One unremarkable night, I was hanging out with a girl, sipping malt liquor and unsuccessfully having a conversation. I was talking shit about this, demeaning that, chastising this, mocking that. The girl rightfully was not going to take this too much of that and finally snapped “Is there anything you like?” Sentences like that are more often than not the enemy of the people, but it gave me pause and in one instant I was back to square one, my own personal square one. Her question seemed almost foolish. Of course I liked things! Like Fresca! I knew there was only one thing at that moment I could completely and utterly convince her I had true emotions for. I was a no good depressing idiot but there was one thing I loved to talk about and that was this one particular sport where you had to dribble and free throws sometimes happened. Saying it aloud felt stupid, a betrayal of circumspect dignity, but that was shortsighted and foolish thinking, loser talk. Basketball moved me. I could feel my own face lighting up when I found a kindred spirit, could yap about third-string point guards for hours, stare at a re-run of a game all night at a bar. It was and is annoying, I am sure. Enjoying a thing to the point of feeling slightly dumb about it an underrated sensation. It definitely beats feeling like you can’t answer the phone, that you’d rather be asleep than awake. The Clippers and Grizzlies were not put on this earth to provide me justification for my own silver medal destiny, my own grappling free-falls and occasional sweet victories, or to try and convince people that I am not all that bad (and why would it?). Nor obviously do I think the cure to depression is “enjoying something a lot”. The Clippers and the Grizzlies were put on this earth to play basketball. The meaningless spawns the meaning and the meaning is not secret or restrictive, it is open and welcoming, there when you need it, gone when you don’t. My evolving view on the anti-climax of the epic series that-was-not is the logical extension of this.
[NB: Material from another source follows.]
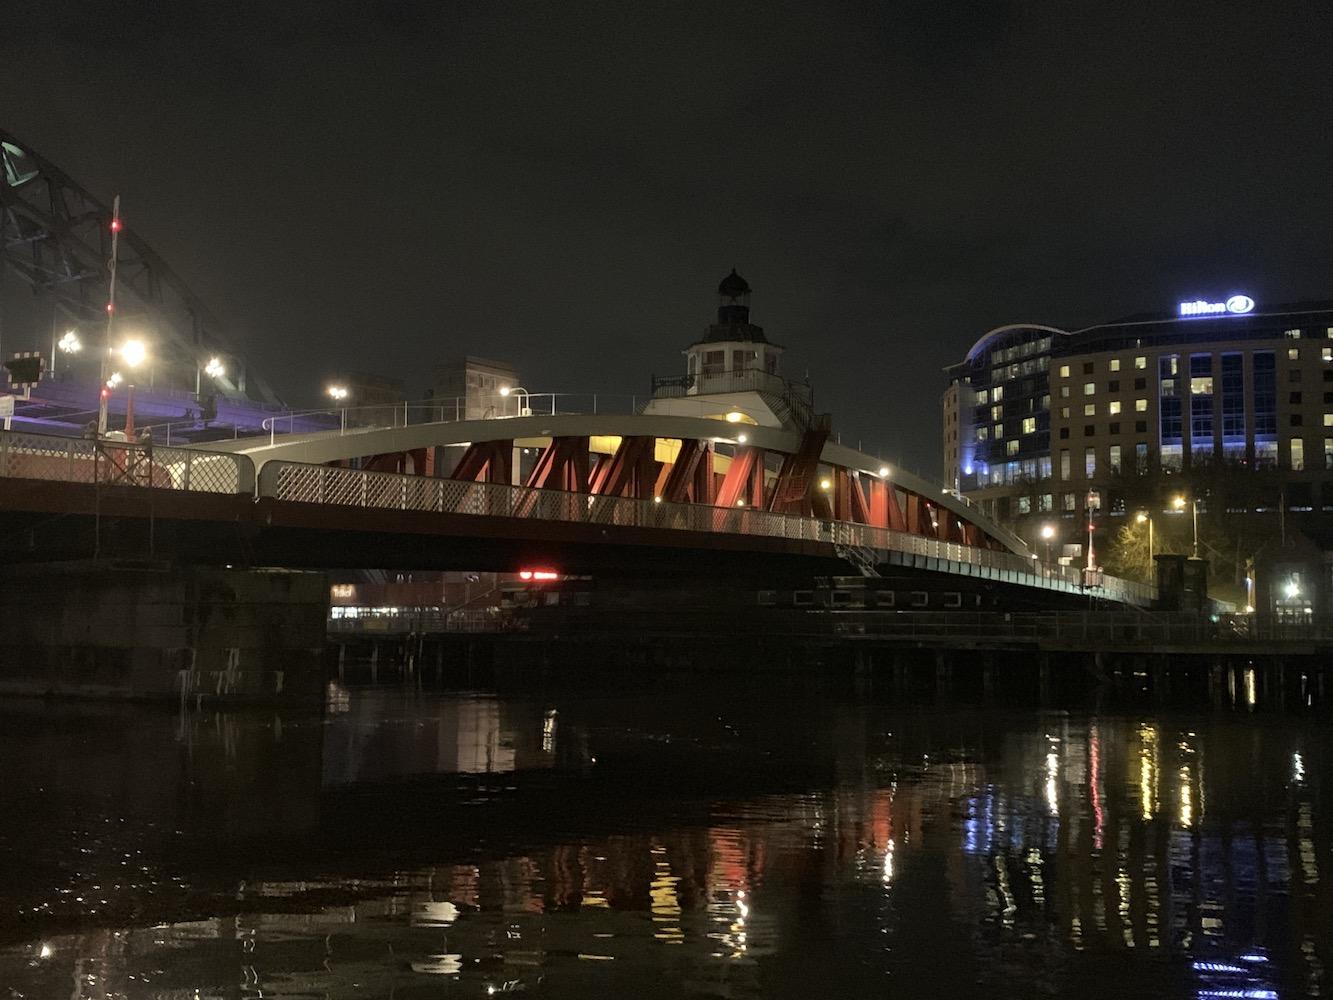 Tyne Swing Bridge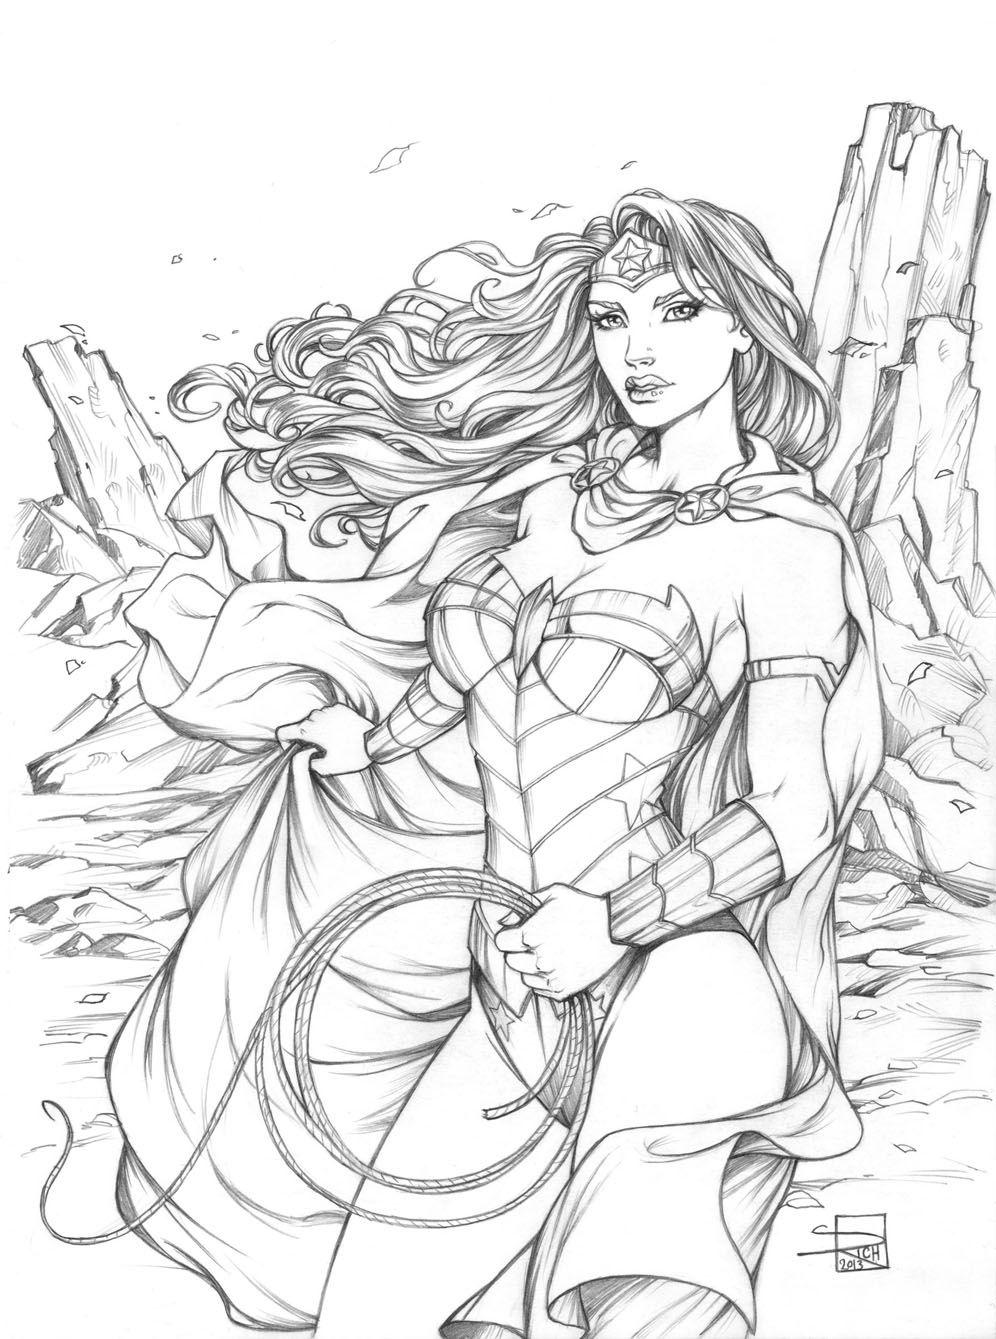 Coloring pages wonder woman - Wonder Woman Pencils Comic Colouring Page

As my boy Søren Kierkegaard possibly said, “The most painful state of being is remembering the future, particularly the one you’ll never have.” The Grizzlies and the Clippers are marooned from their remembered future, adrift in a soggy no man’s land of early termination options and the luxury tax blues, but despite all that they (or someone like them) might have saved me. All men must die, but first we must give a shit about something, even if that something is temporary, even if that something is ultimately a mundane footnote, or something that someone else considers meaningless. Sometimes those are the most important things.